Big gay movie night(s)

Acquah Dansoh, Joanne McGee and Carol Goans hatch a matchmaking scheme in You Should Meet My Son.

Acquah Dansoh, Joanne McGee and Carol Goans hatch a matchmaking scheme in You Should Meet My Son.

Sacramento International Gay & Lesbian Film Festival, 7:30 p.m. Thursday, October 7, through Saturday, October 9. Tickets are $10 for individual nights or $25 for an all-festival pass. Crest Theatre, 1013 K Street. Visit www.siglff.org for more information.

Crest Theatre

1013 K St.
Sacramento, CA 95814

(916) 476-3356

Three nights of films with GLBT themes from all over the world and a VIP pass for the whole shebang is only $25? Yep, it’s the Sacramento International Gay & Lesbian Film Festival, running Thursday, October 7, through Saturday, October 9.

The Thursday program opens with two short films. Zucht (Breath), from the Netherlands, has a 12-year-old boy discovering he’s more interested in his friend Sofie’s father than he is in her. In Inflatable Swamp, from the United Kingdom, a young gay man navigates the space between sex and love. These shorts are followed by a U.S. feature film, You Should Meet My Son, which sounds like a hoot: A conservative Southern mother, upon discovering her son is gay, goes on a mission to find him the perfect husband.

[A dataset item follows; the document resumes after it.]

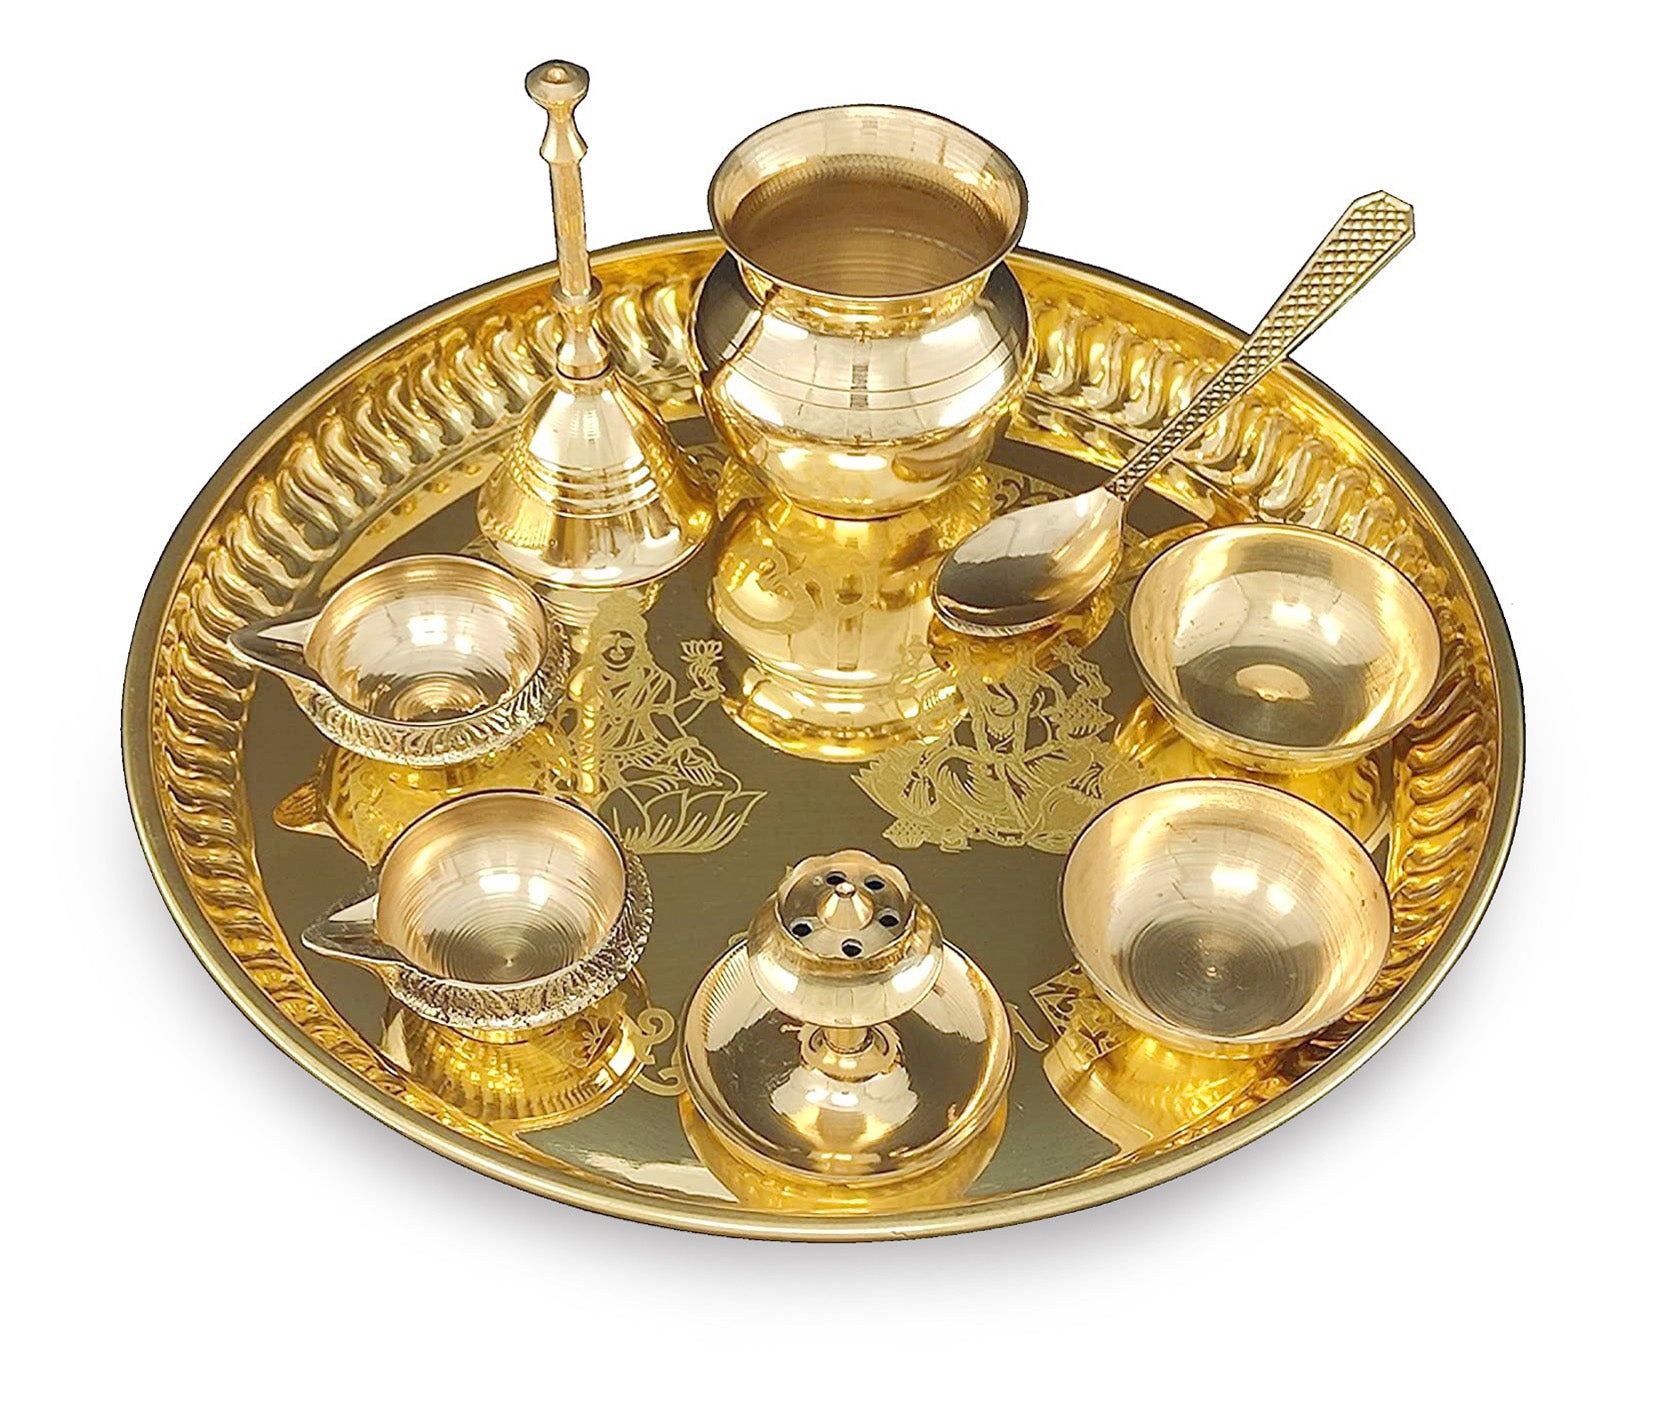 Bengalen Brass Pooja thali 8 Inch with Accessories Ganesh Lakshmi Design Puja Set Wedding Return Gift Items

The Friday program features a short by Sacramento filmmaker Jennifer Hatton, Calling Card, which looks at the butch/femme dynamic by taking a look at hands. That’s right: hands. Chained! is another short that looks at wallet chains and lesbians, and Frischluft-Therapie (Fresh Air Therapy) takes couples counseling in a claustrophobic direction as two women are trapped—with their therapist—during a power outage. Friday’s feature presentation is the very timely A Marine Story, a film by Ned Farr about the effects of “don’t ask, don’t tell” on a female officer in the Marine Corps.

Saturday is devoted to short films of all sorts from Brazil, Canada, Korea and the United States, and audience members will have a chance to vote for their favorites. Don’t miss the best chance to see GLBT films all year; it’s all that and popcorn, too.